Een grote "trechter" van de dode zone, die een diameter van 14 m bereikte op een hoogte van 5 m, maakte het luchtafweerraketsysteem kwetsbaar voor aanvallen van vliegtuigen die op gemiddelde hoogte opereren, gevolgd door een duik op het doel.
Ook bleken de kenmerken van het voortstuwingssysteem dat was opgenomen in het project van het luchtafweergecontroleerde complex onrealistisch. Ontwerpers hebben al in een vroeg stadium afgezien van het gebruik van een straalmotor - in relatief kleine raketten bood deze motor geen voordelen ten opzichte van een conventionele motor met vaste stuwstof. Maar zelfs voor straalmotoren met vaste stuwstof zorgde de technologie van die jaren niet voor de creatie van brandstofformuleringen met de nodige energie.
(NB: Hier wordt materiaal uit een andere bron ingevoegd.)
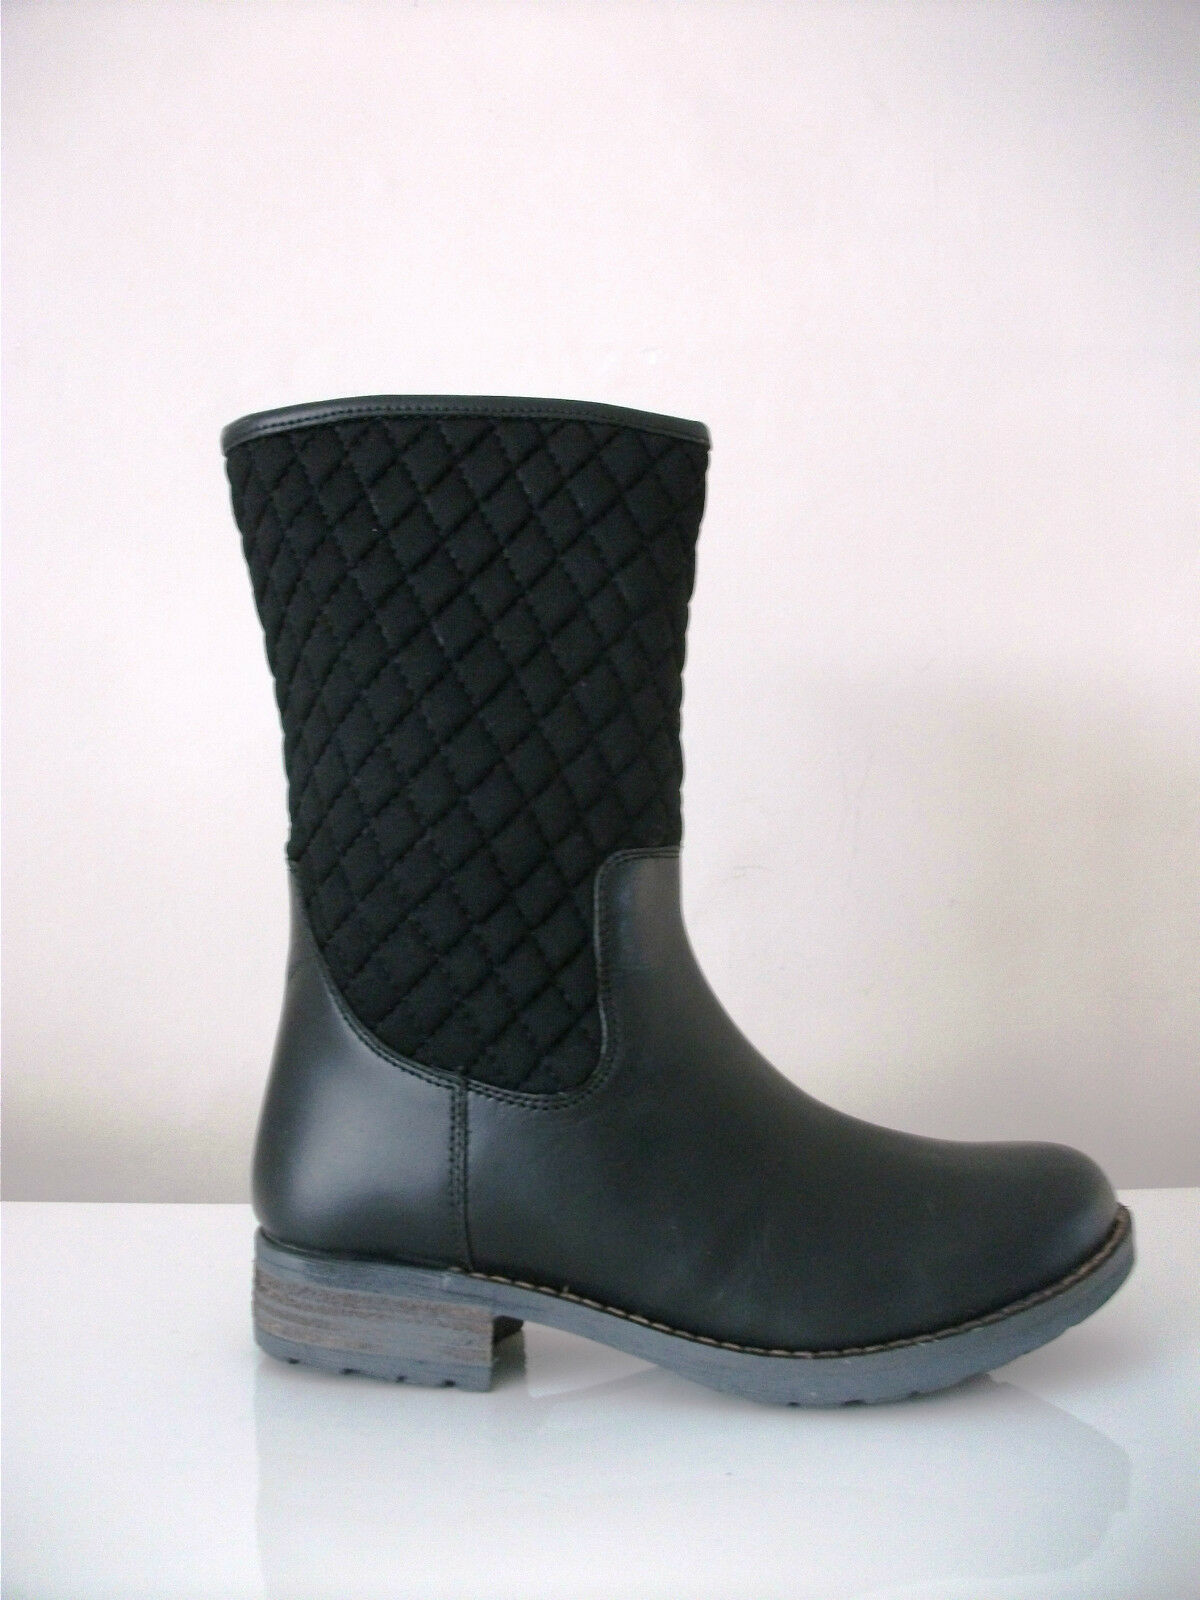 Draper Of Glastonbury Sheepskin Sheepskin Sheepskin Lined Leather Quilted Upper Boots 695bbb

In plaats van de vereiste specifieke impuls van 250 kg s/s werd bij gebruik van door NII-9 ontwikkelde brandstof slechts 225-235 kg s/s geleverd en 235-240 kg s/s ontwikkeld door GIPH.
Op het gevechtsvoertuig was het noodzakelijk om de middelen van het complex te installeren met een totaal gewicht van 4,3 ton, wat het draagvermogen van het chassis op wielen van het BTR-type aanzienlijk overschreed.
De belangrijkste kenmerken van het Osa luchtverdedigingssysteem volgens de ontwerpmaterialen van de ontwikkelaar worden hieronder weergegeven in vergelijking met de eisen van de klant en de technische kenmerken van het Amerikaanse Mauler luchtverdedigingssysteem, verklaard aan het begin van de jaren zestig.
Vergelijkende kenmerken van de projecten van luchtafweerraketsystemen "Osa" en "Mauler"
Maximaal bereik:
"Wesp" op TTT - 8-10 km;
"Osa" volgens het project - 8 km;
"Mauler" - 8 km;
Minimaal bereik:
"Wesp" op TTT - 0,8-1 km;
"Osa" volgens het project - 1-1,2 km;
"Mauler" - 1-1,5 km;
Maximale hoogte - 5000 m (voor alle opties);
Minimale hoogte:
"Wesp" op TTT - 50-100 m;
"Osa" volgens het project - 100 m;
"Mauler" - 100 m;
Parameter:
"Osa" volgens TTT - tot 4 km;
"Osa" volgens het project - tot 5 km;
"Mauler" - tot 5 km;
De kans om een enkel anti-aircraft geleide raketdoel van het type MiG-15 te raken:
"Wesp" volgens TTT - 0,5-0,7;
"Osa"-project - 0,3-0,5;
De kans om een enkel anti-aircraft geleide raketdoel van het type Il-28 te raken:
"Wesp" volgens TTT - 0,5-0,7;
Doel snelheid:
"Wesp" volgens TTT - 500 m / s;
"Osa" volgens het project - 500 m / s;
"Mauler" - 660 m / s;
Gewicht van het complex:
"Osa" onder het project - 13,5 ton;
"Mauler" - 27 ton;
Chassisgewicht:
"Osa" onder het project - 10,0 ton;
raket gewicht:
"Wesp" volgens TTT - 60-65 kg;
"Wesp" volgens het project - 65 kg;
Kernkop gewicht:
"Wesp" volgens het project - 10,7 kg;
"Mauler" - 9,0 kg;
Raket lengte:
"Wesp" op TTT - 2,25-2,65 m;
"Osa" volgens het project - 2,65 m;
"Mauler" - 1,95 m;
Raketdiameter:
"Osa" volgens het project - 0,18 m;
"Mauler" - 0,14 m.
Vanwege de discrepantie tussen de technische kenmerken van de componenten van het complex en de raket is bij besluit van het militair-industriële complex een aanvulling op het conceptontwerp uitgebracht. In dit stadium werd semi-actieve radar homing verlaten en overgeschakeld op radiocommandobegeleiding. De waarde van het maximale schadebereik was in dit geval 7700 m in plaats van de gespecificeerde 8-10 duizend m. De vereiste bovengrens van het getroffen gebied was alleen bedoeld voor doelen met transsone snelheden.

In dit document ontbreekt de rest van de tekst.